Mniej więcej się to zgadza, z tym że debiutant Booker zdaje się miewać do siebie dystans, co wzbudza sympatię. Urodzony w Wirginii, wychowany na Florydzie, mieszka w Nowym Orleanie – w żyłach płynie mu więc blues, jazz i soul – a płytę nagrał w stolicy białego country Nashville. Żeby ostatni raz wspomnieć White’a, Booker był w trasie koncertowej z nim i z Courtney Barnett, którą zachwycaliśmy się w „Wyborczej” niecały rok temu.
W dzisiejszym świecie nawiązujących do korzeni rock and rolla duetów gitara – perkusja Booker jest być może sygnałem zwrotu od zespołów do „twarzy”. Mimo że grają z nim inni muzycy, występuje pod nazwiskiem. Ma rozległe inspiracje, oprócz mistrzów amerykańskich artysta powołuje się choćby na T.Rex, wyraźnie słychać też, że nie ominęły go płyty z najlepszych lat punk rocka. Ze współczesnych brzmieniowo można go porównać do pełnego emocji, joplinowskiego zespołu Alabama Shakes. Tyle że Booker gra głośniej i szybciej.

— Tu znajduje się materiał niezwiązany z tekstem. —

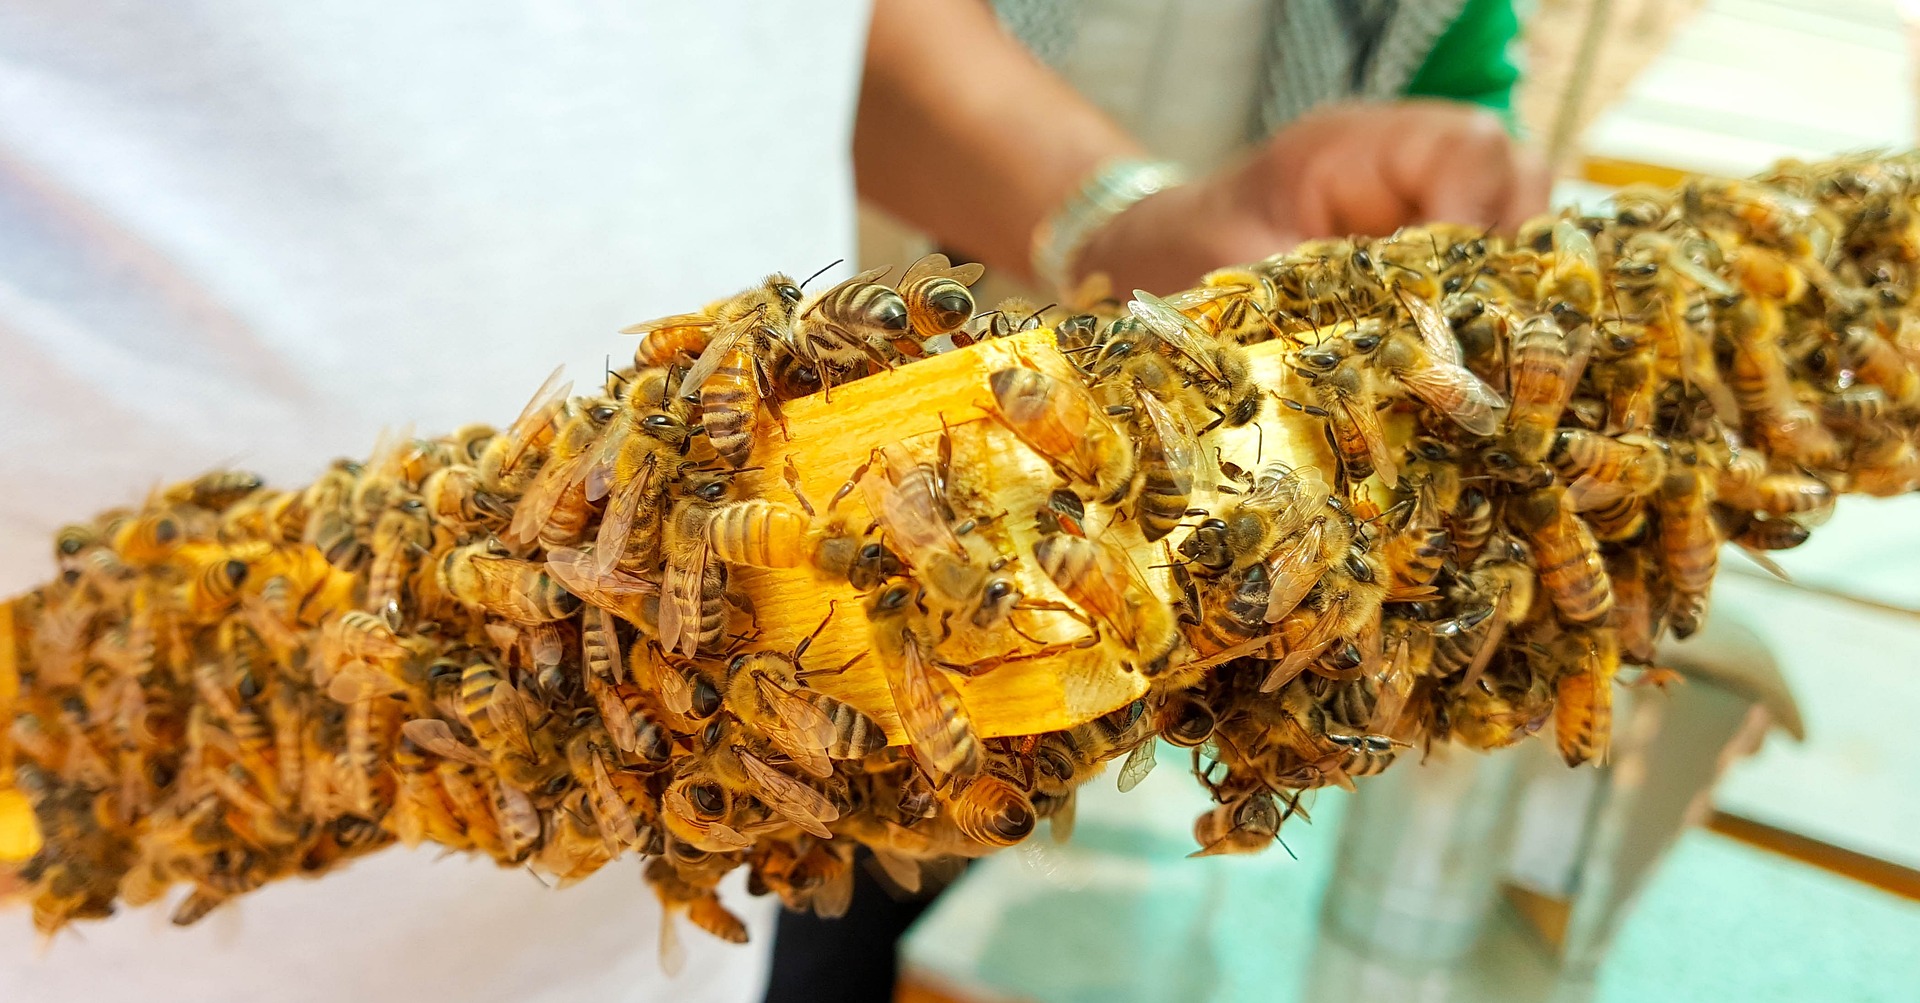 Co to znaczy, że pszczoły zimują i co jest dla nich największym zagrożeniem?
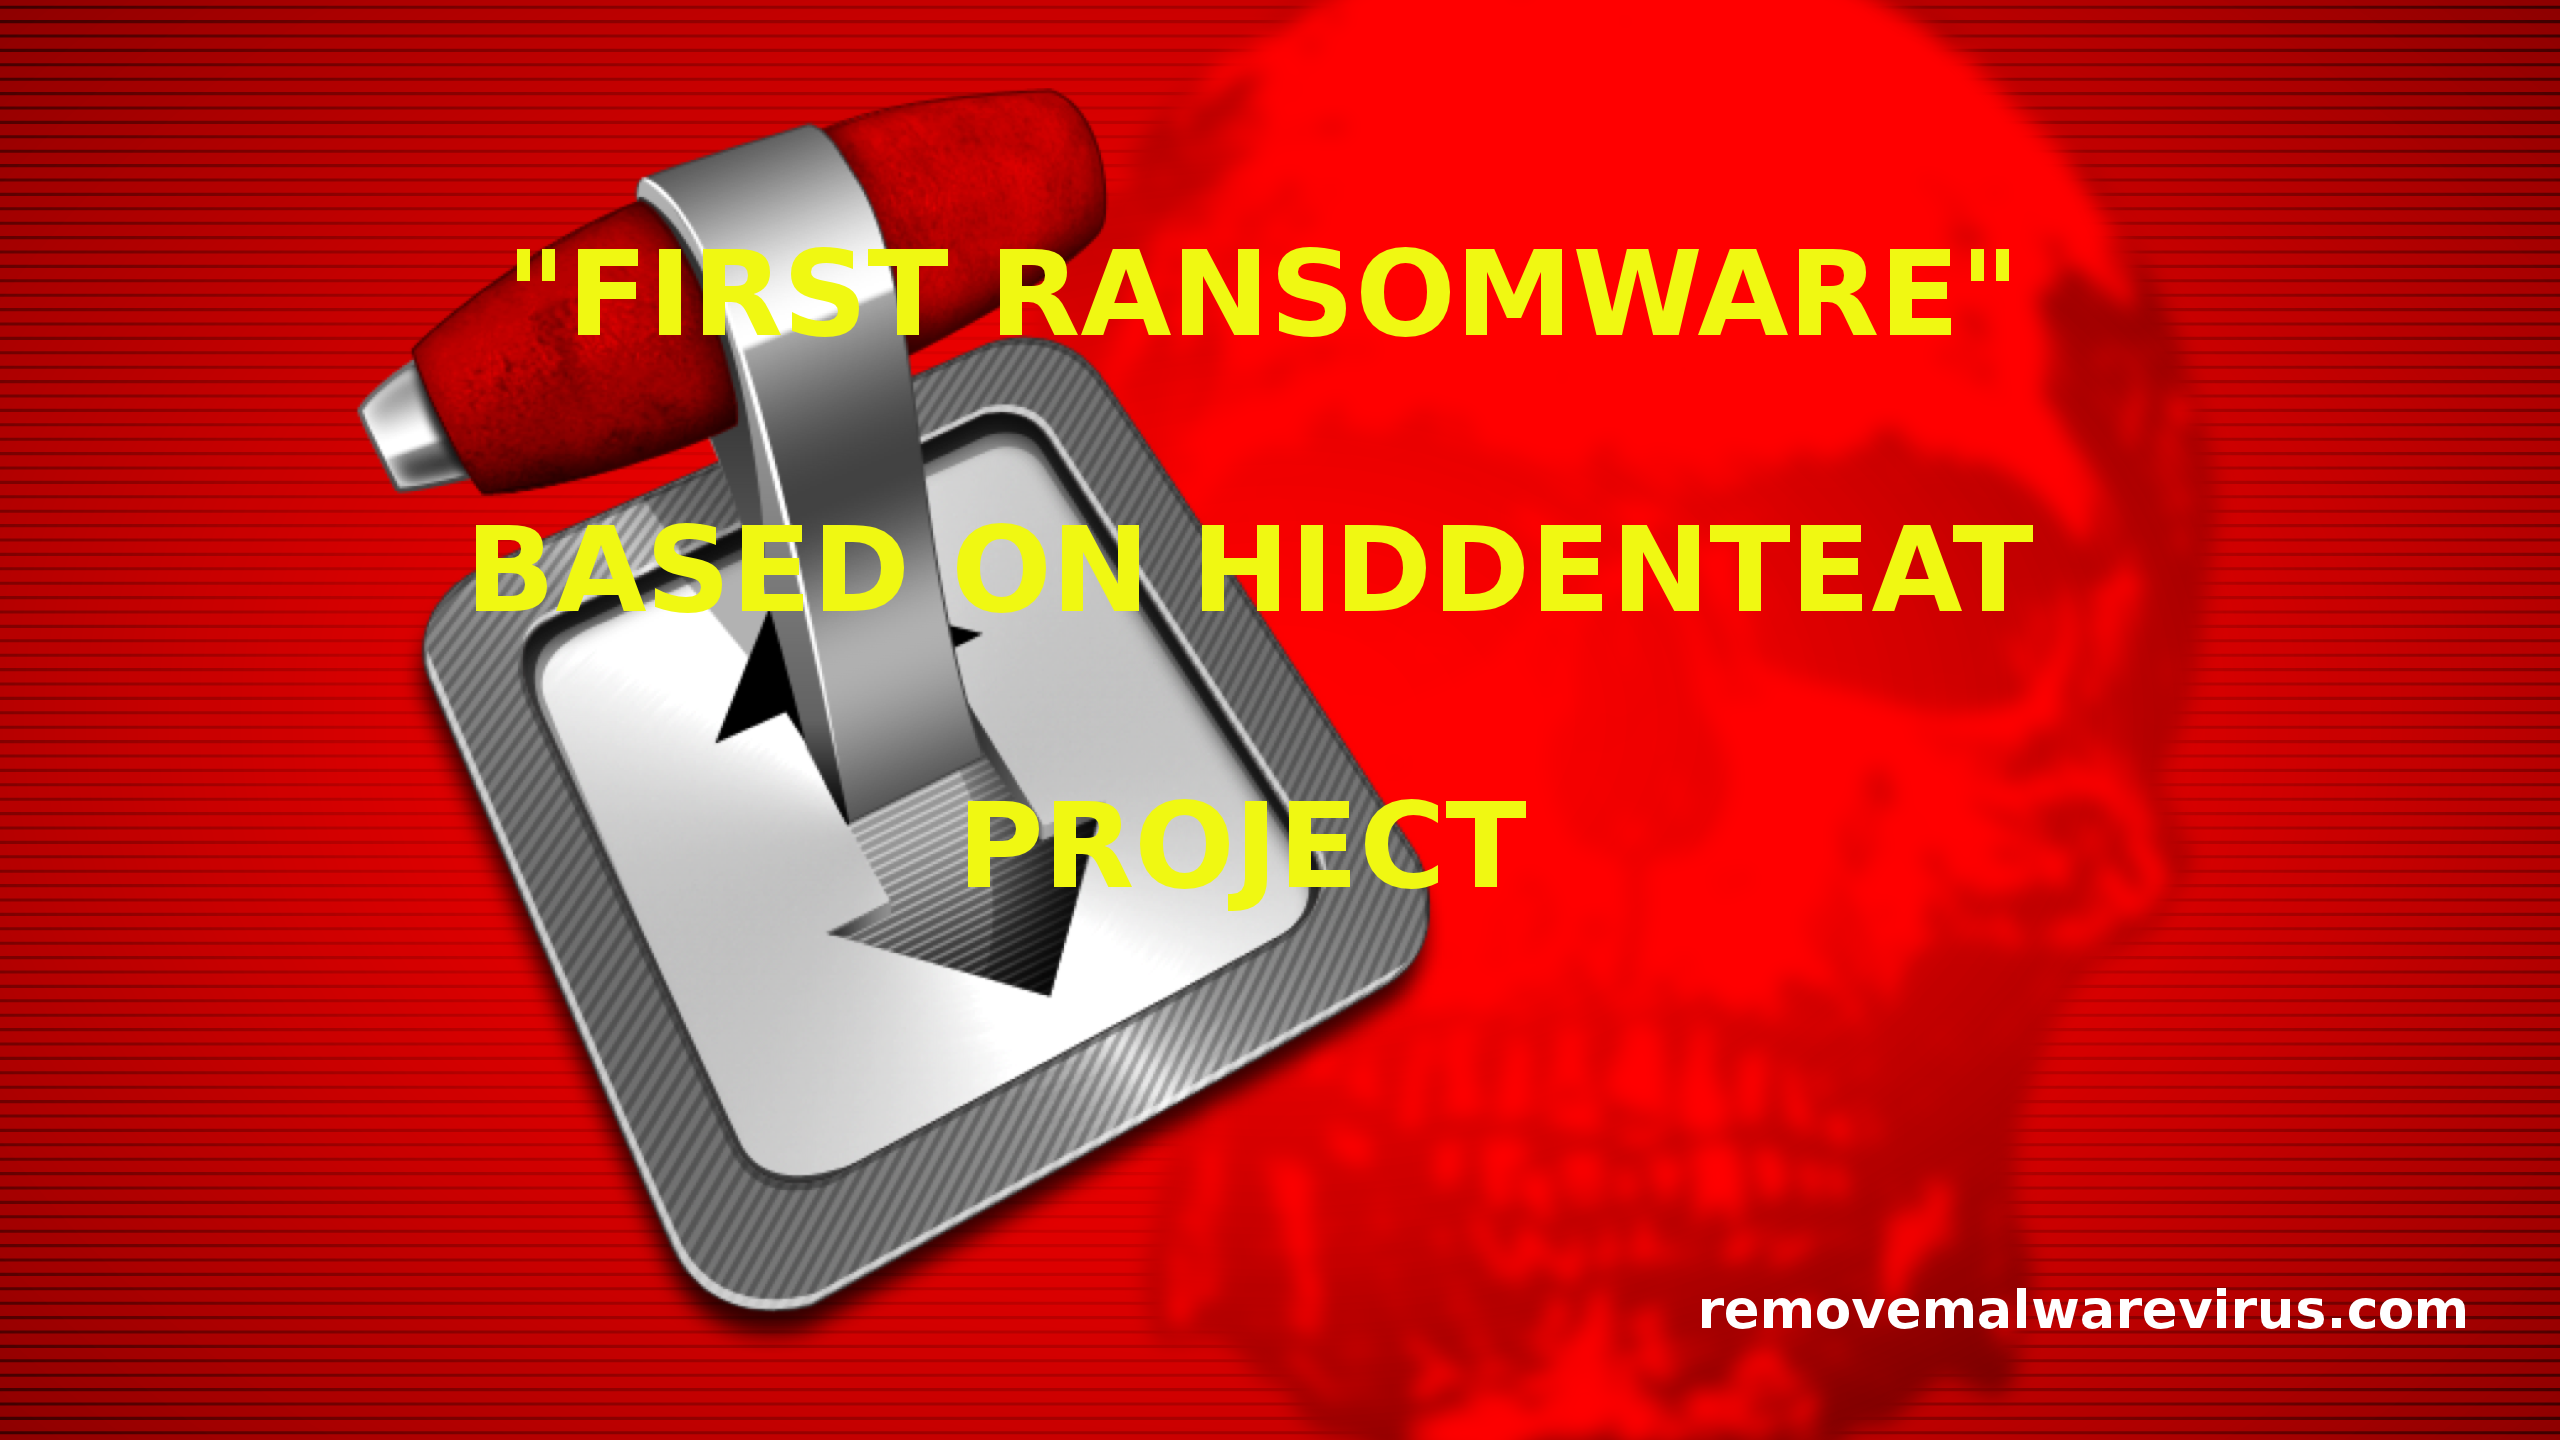 La primera retirada ransomware y descifrado de archivos

Muzyka na „Benjamin Booker” leje się szerokim, nieopanowanym strumieniem (przez długie 44 minuty). Słuchając piosenek, myślałem o tym, że równie ciekawie grają w Polsce Kaseciarz, Wild Books czy Black Coffee, młode, pełne werwy zespoły. Brak im jednak tego, co w anglosaskiej muzyce jest najważniejsze: głosu, jakim dysponuje 22-letni (niektóre źródła twierdzą, że 25-letni) czarnoskóry chłopak z amerykańskiego Południa.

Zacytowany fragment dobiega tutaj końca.